Melalui kegiatan tersebut, siswa tidak hanya memperoleh pengetahuan mengenai jenis sampah, tetapi juga memahami bahwa pengelolaan sampah merupakan tanggung jawab bersama. Edukasi tersebut diharapkan dapat membentuk kebiasaan memilah dan membuang sampah dengan benar sejak usia sekolah.
Kegiatan SOSMAS SOSHUM juga dilengkapi dengan program “Edukasi dan Pendampingan Pembuatan QRIS bagi Pelaku UMKM Desa Mendak” yang dilaksanakan oleh Margaretha Daraayu Damai Oktarina. Program ini bertujuan meningkatkan pemahaman pelaku UMKM mengenai penggunaan QRIS sebagai metode pembayaran digital yang praktis, aman, dan efisien.
Pendampingan dilakukan mulai dari edukasi mengenai manfaat QRIS dan persyaratan pendaftaran hingga proses pembuatan QRIS sesuai dengan ketentuan penyelenggara jasa pembayaran. Pelaku UMKM juga diberikan pemahaman mengenai cara menggunakan QRIS untuk menerima transaksi non-tunai sehingga dapat mendukung transaksi usaha yang lebih tertib dan modern.
Melalui pendampingan tersebut, pelaku UMKM berhasil menyelesaikan proses pendaftaran hingga penerbitan QRIS yang dapat digunakan sebagai salah satu metode pembayaran dalam kegiatan usaha. Kehadiran QRIS diharapkan dapat memberikan kemudahan bagi pelaku usaha sekaligus memberikan alternatif pembayaran bagi pelanggan.
Rangkaian program SOSMAS SOSHUM tersebut mendapat respons positif dari masyarakat dan pihak-pihak yang terlibat. Berbagai kegiatan yang dilaksanakan memberikan ruang bagi mahasiswa untuk berinteraksi secara langsung dengan masyarakat sekaligus memberikan edukasi yang disesuaikan dengan kebutuhan masing-masing sasaran.
“Saya sangat amat berterima kasih untuk adik-adik KKN yang sudah memberi edukasi kepada saya selaku salah satu UMKM di Desa Mendak ini. Semoga kedepannya setelah program ini dilaksanakan, usaha UMKM di Desa Mendak semakin maju dengan adanya perubahan baru ini,” ujar Ibu Wantini salah satu pemilik usaha laundry di Desa Mendak.
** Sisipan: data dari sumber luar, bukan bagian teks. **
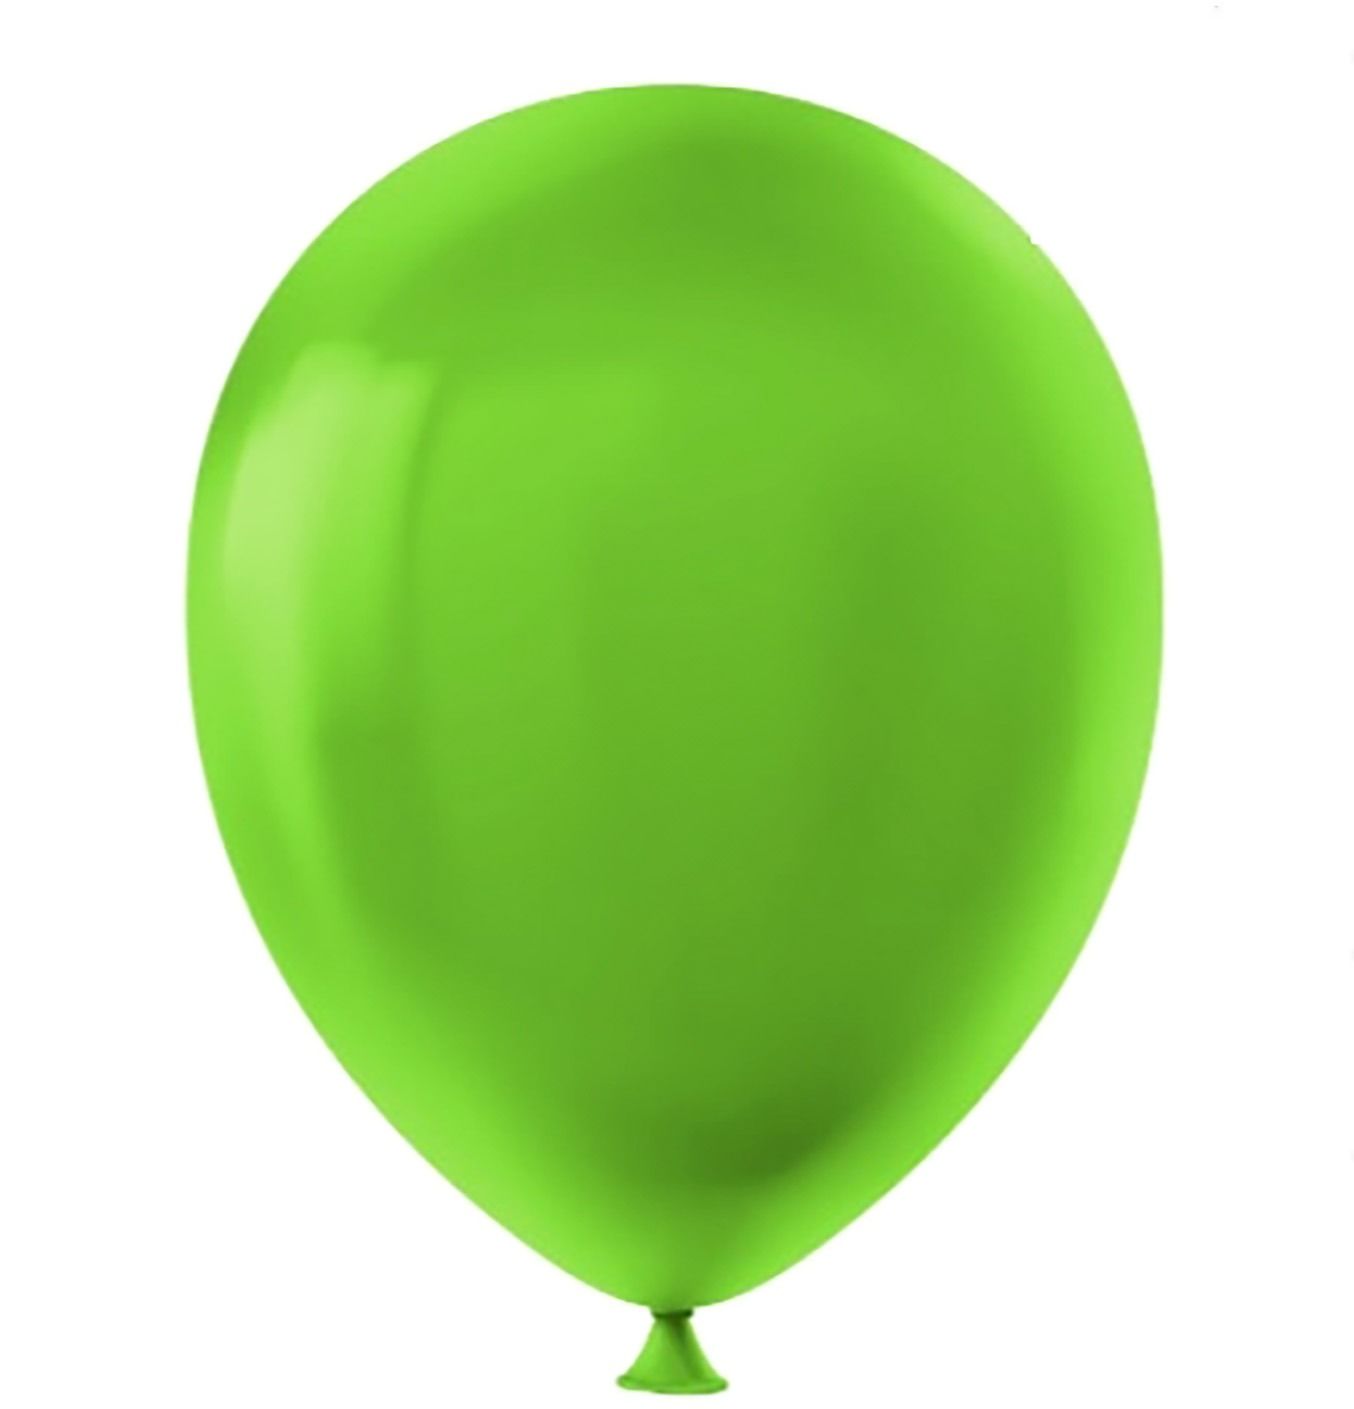 Koyu Yeşil Renk Pastel Balon 12 inç 30 cm

Salah satu mahasiswa pelaksana program menyampaikan bahwa rangkaian SOSMAS dirancang tidak hanya untuk memberikan materi, tetapi juga menghasilkan media dan pendampingan yang dapat dimanfaatkan oleh masyarakat setelah kegiatan selesai.
“Semoga setelah segala program kerja yang berjalan ini, masyarakat Desa Mendak mendapat dampak positif yang membuat semuanya lebih berkembang dengan kehadiran kami disini,” ujar Muhammad Fadli selaku Koordinator Desa KKN.
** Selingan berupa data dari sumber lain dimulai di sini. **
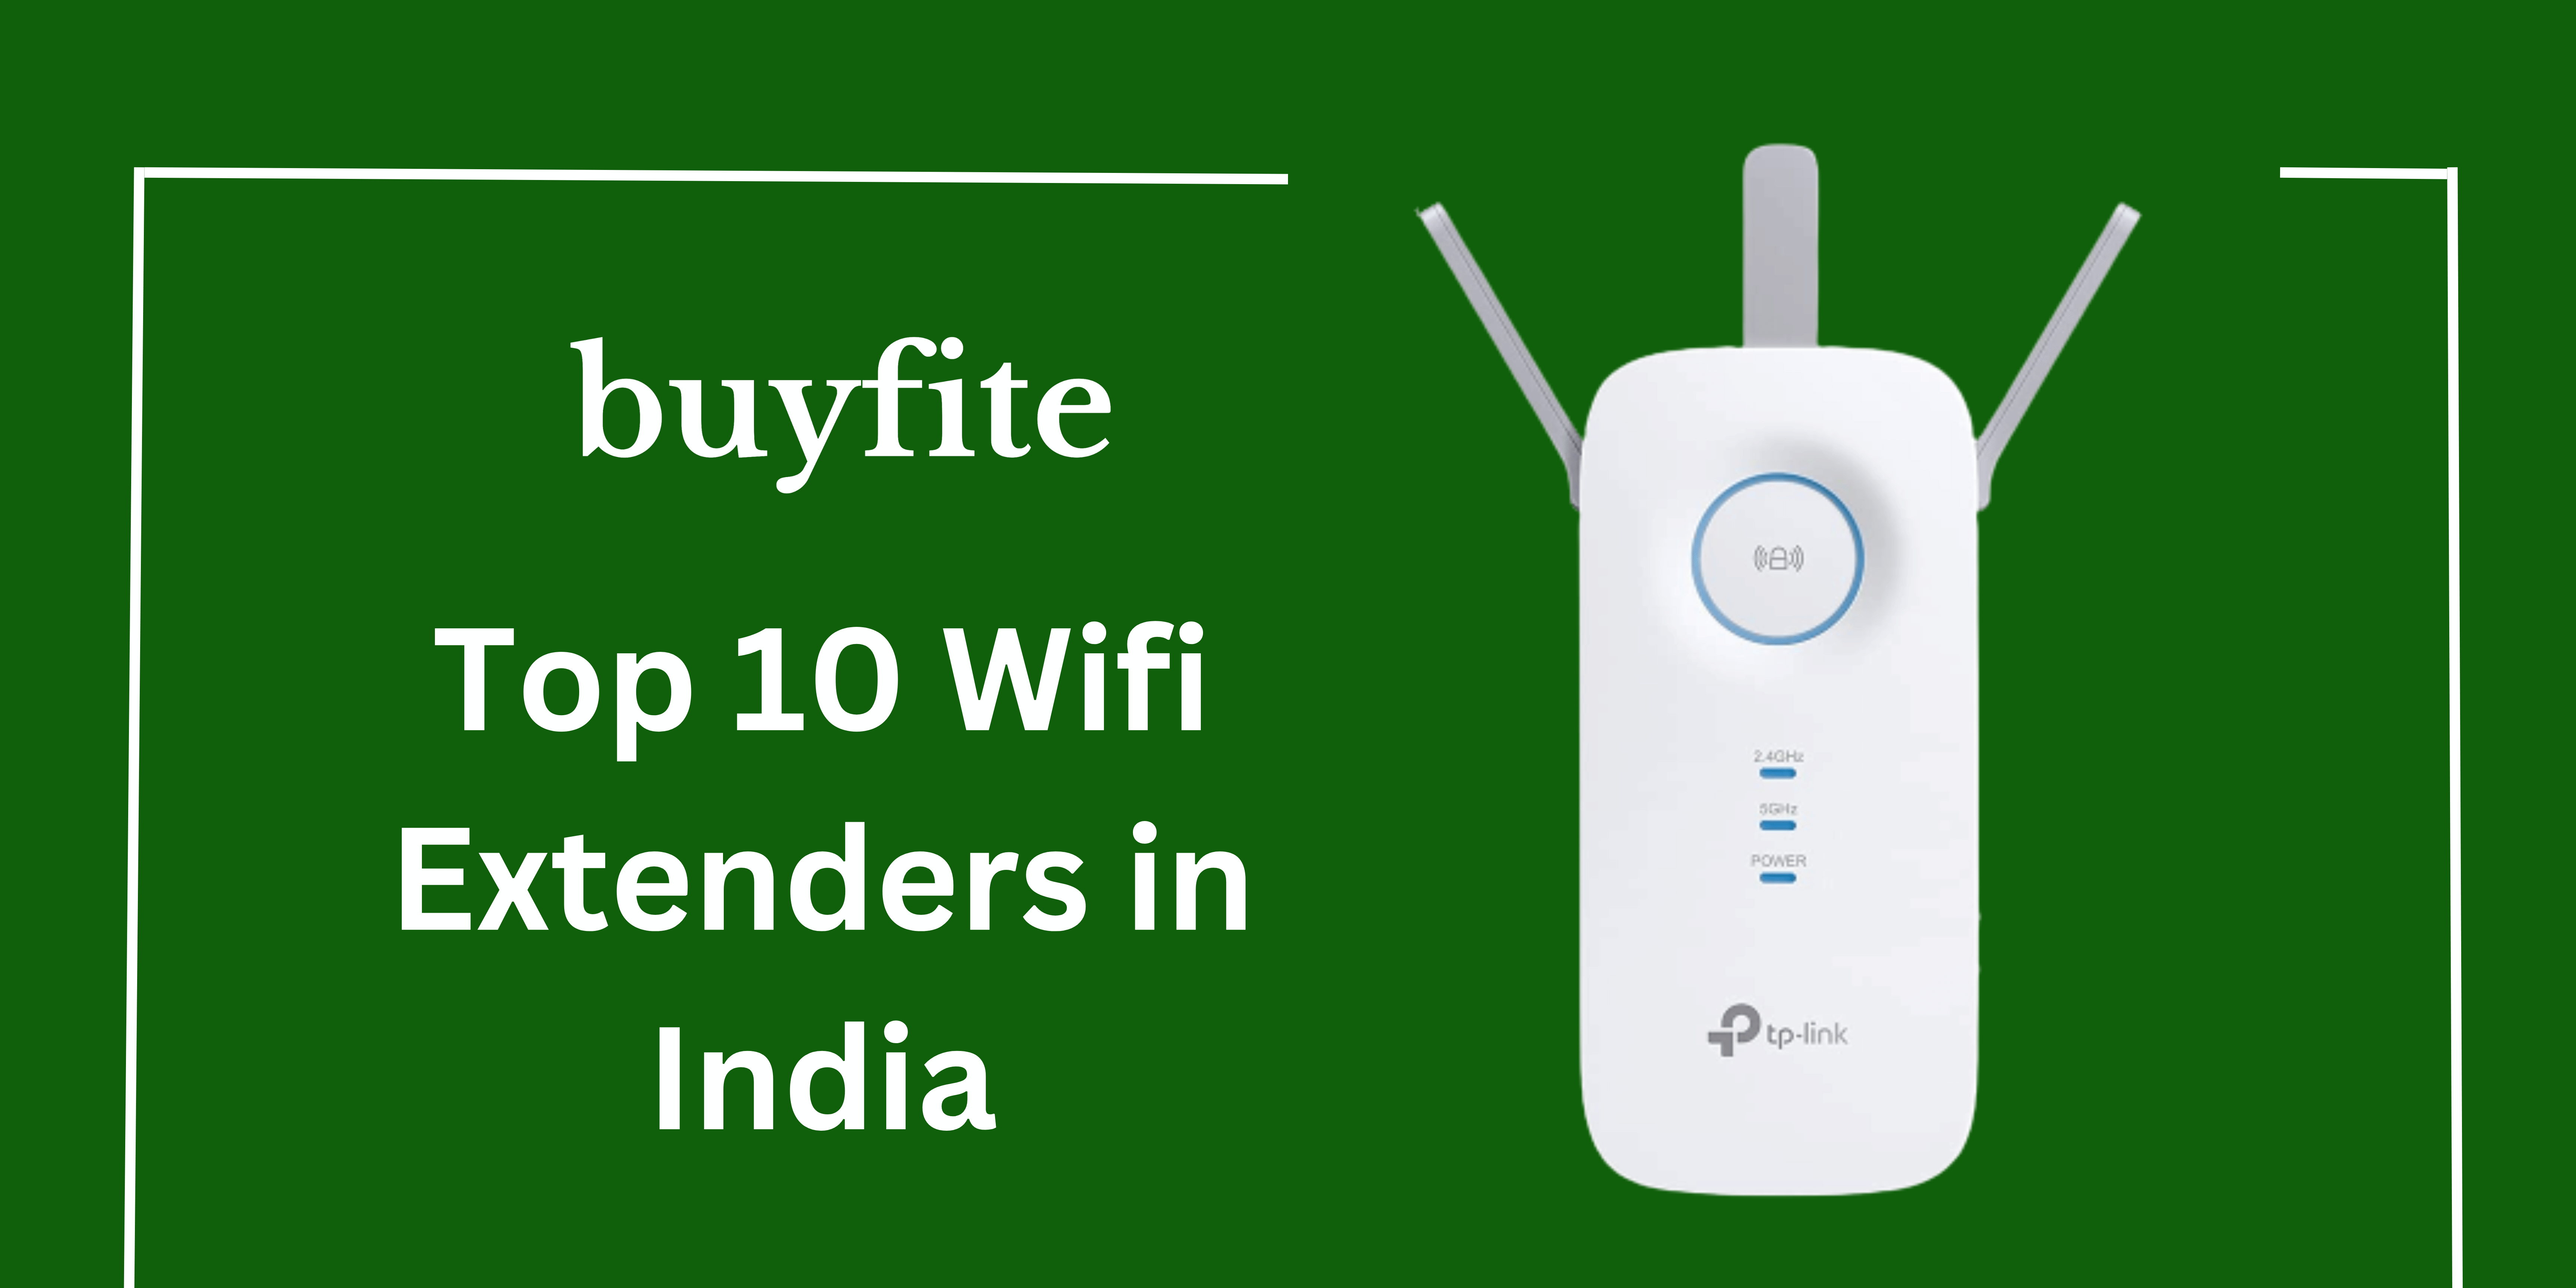 Top 10 Wifi Extenders in India - buyfite

Melalui berbagai program tersebut, mahasiswa KKN Tim II UNDIP berharap edukasi yang diberikan dapat memberikan manfaat berkelanjutan bagi masyarakat Desa Mendak.
Peningkatan literasi keuangan, pemahaman hukum, pengelolaan perpustakaan, kesadaran terhadap lingkungan, hingga pemanfaatan pembayaran digital diharapkan dapat mendukung masyarakat dalam membangun kebiasaan yang lebih tertib, mandiri, dan adaptif terhadap kebutuhan di kehidupan sehari-hari.